◆ The task:
Please print all of the records shown below, exactly as given.

(Saved data entries)
*** Begin section ***

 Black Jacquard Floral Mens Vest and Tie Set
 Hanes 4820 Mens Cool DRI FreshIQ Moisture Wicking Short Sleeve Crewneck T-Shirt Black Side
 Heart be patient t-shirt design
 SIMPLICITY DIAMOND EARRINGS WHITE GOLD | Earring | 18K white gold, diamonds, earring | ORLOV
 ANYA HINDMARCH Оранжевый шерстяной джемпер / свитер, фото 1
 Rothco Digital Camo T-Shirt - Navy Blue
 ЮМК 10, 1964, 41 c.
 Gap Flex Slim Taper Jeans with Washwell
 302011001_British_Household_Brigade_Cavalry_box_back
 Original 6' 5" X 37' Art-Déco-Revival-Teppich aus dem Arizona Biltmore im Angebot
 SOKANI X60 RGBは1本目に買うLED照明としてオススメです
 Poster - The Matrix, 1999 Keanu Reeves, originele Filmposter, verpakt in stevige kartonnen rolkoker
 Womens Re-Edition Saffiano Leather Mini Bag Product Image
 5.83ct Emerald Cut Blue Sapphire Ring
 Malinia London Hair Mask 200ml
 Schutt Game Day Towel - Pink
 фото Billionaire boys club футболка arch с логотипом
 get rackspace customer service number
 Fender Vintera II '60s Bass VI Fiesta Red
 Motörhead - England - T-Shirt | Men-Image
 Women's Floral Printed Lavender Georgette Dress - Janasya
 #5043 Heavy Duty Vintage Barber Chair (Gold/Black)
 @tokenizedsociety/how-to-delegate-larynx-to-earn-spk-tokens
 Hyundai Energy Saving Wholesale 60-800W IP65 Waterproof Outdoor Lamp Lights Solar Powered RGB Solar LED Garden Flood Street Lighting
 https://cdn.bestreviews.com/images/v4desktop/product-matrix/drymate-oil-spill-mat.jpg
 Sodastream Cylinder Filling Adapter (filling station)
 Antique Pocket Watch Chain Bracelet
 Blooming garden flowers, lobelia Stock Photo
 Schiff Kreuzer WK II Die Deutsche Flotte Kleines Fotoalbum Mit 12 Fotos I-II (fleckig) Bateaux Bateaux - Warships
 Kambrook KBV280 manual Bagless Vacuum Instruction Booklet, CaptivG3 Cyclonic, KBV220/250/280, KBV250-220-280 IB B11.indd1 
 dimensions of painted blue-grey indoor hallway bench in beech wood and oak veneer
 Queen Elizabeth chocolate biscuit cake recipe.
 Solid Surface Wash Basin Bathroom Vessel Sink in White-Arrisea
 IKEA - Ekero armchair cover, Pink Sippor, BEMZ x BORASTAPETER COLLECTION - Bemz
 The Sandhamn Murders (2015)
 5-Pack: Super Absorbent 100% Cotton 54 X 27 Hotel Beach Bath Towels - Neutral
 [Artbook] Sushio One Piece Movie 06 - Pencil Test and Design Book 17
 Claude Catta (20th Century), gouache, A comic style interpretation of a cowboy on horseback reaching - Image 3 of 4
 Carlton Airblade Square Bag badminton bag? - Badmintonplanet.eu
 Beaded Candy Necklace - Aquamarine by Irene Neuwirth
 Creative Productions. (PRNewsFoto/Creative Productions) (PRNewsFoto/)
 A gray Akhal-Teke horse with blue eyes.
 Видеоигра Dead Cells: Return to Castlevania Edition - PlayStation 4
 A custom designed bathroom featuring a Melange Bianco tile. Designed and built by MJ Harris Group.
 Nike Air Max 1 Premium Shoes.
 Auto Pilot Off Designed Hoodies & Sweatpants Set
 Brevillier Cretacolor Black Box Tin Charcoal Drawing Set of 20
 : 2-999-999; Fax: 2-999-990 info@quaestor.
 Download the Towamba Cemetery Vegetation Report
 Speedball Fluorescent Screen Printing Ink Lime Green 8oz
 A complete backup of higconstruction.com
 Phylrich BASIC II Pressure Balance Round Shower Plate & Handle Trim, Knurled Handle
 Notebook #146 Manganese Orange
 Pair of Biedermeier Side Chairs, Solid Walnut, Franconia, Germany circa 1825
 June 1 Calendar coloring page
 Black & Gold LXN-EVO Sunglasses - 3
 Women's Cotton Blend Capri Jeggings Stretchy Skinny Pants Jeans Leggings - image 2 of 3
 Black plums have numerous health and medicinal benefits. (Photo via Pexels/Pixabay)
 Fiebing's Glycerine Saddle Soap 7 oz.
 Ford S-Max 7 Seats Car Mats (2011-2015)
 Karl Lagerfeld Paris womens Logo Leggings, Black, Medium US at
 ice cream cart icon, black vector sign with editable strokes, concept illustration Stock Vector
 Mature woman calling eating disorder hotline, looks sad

*** End section ***

◆ Written answer:
 Black Jacquard Floral Mens Vest and Tie Set
 Hanes 4820 Mens Cool DRI FreshIQ Moisture Wicking Short Sleeve Crewneck T-Shirt Black Side
 Heart be patient t-shirt design
 SIMPLICITY DIAMOND EARRINGS WHITE GOLD | Earring | 18K white gold, diamonds, earring | ORLOV
 ANYA HINDMARCH Оранжевый шерстяной джемпер / свитер, фото 1
 Rothco Digital Camo T-Shirt - Navy Blue
 ЮМК 10, 1964, 41 c.
 Gap Flex Slim Taper Jeans with Washwell
 302011001_British_Household_Brigade_Cavalry_box_back
 Original 6' 5" X 37' Art-Déco-Revival-Teppich aus dem Arizona Biltmore im Angebot
 SOKANI X60 RGBは1本目に買うLED照明としてオススメです
 Poster - The Matrix, 1999 Keanu Reeves, originele Filmposter, verpakt in stevige kartonnen rolkoker
 Womens Re-Edition Saffiano Leather Mini Bag Product Image
 5.83ct Emerald Cut Blue Sapphire Ring
 Malinia London Hair Mask 200ml
 Schutt Game Day Towel - Pink
 фото Billionaire boys club футболка arch с логотипом
 get rackspace customer service number
 Fender Vintera II '60s Bass VI Fiesta Red
 Motörhead - England - T-Shirt | Men-Image
 Women's Floral Printed Lavender Georgette Dress - Janasya
 #5043 Heavy Duty Vintage Barber Chair (Gold/Black)
 @tokenizedsociety/how-to-delegate-larynx-to-earn-spk-tokens
 Hyundai Energy Saving Wholesale 60-800W IP65 Waterproof Outdoor Lamp Lights Solar Powered RGB Solar LED Garden Flood Street Lighting
 https://cdn.bestreviews.com/images/v4desktop/product-matrix/drymate-oil-spill-mat.jpg
 Sodastream Cylinder Filling Adapter (filling station)
 Antique Pocket Watch Chain Bracelet
 Blooming garden flowers, lobelia Stock Photo
 Schiff Kreuzer WK II Die Deutsche Flotte Kleines Fotoalbum Mit 12 Fotos I-II (fleckig) Bateaux Bateaux - Warships
 Kambrook KBV280 manual Bagless Vacuum Instruction Booklet, CaptivG3 Cyclonic, KBV220/250/280, KBV250-220-280 IB B11.indd1 
 dimensions of painted blue-grey indoor hallway bench in beech wood and oak veneer
 Queen Elizabeth chocolate biscuit cake recipe.
 Solid Surface Wash Basin Bathroom Vessel Sink in White-Arrisea
 IKEA - Ekero armchair cover, Pink Sippor, BEMZ x BORASTAPETER COLLECTION - Bemz
 The Sandhamn Murders (2015)
 5-Pack: Super Absorbent 100% Cotton 54 X 27 Hotel Beach Bath Towels - Neutral
 [Artbook] Sushio One Piece Movie 06 - Pencil Test and Design Book 17
 Claude Catta (20th Century), gouache, A comic style interpretation of a cowboy on horseback reaching - Image 3 of 4
 Carlton Airblade Square Bag badminton bag? - Badmintonplanet.eu
 Beaded Candy Necklace - Aquamarine by Irene Neuwirth
 Creative Productions. (PRNewsFoto/Creative Productions) (PRNewsFoto/)
 A gray Akhal-Teke horse with blue eyes.
 Видеоигра Dead Cells: Return to Castlevania Edition - PlayStation 4
 A custom designed bathroom featuring a Melange Bianco tile. Designed and built by MJ Harris Group.
 Nike Air Max 1 Premium Shoes.
 Auto Pilot Off Designed Hoodies & Sweatpants Set
 Brevillier Cretacolor Black Box Tin Charcoal Drawing Set of 20
 : 2-999-999; Fax: 2-999-990 info@quaestor.
 Download the Towamba Cemetery Vegetation Report
 Speedball Fluorescent Screen Printing Ink Lime Green 8oz
 A complete backup of higconstruction.com
 Phylrich BASIC II Pressure Balance Round Shower Plate & Handle Trim, Knurled Handle
 Notebook #146 Manganese Orange
 Pair of Biedermeier Side Chairs, Solid Walnut, Franconia, Germany circa 1825
 June 1 Calendar coloring page
 Black & Gold LXN-EVO Sunglasses - 3
 Women's Cotton Blend Capri Jeggings Stretchy Skinny Pants Jeans Leggings - image 2 of 3
 Black plums have numerous health and medicinal benefits. (Photo via Pexels/Pixabay)
 Fiebing's Glycerine Saddle Soap 7 oz.
 Ford S-Max 7 Seats Car Mats (2011-2015)
 Karl Lagerfeld Paris womens Logo Leggings, Black, Medium US at
 ice cream cart icon, black vector sign with editable strokes, concept illustration Stock Vector
 Mature woman calling eating disorder hotline, looks sad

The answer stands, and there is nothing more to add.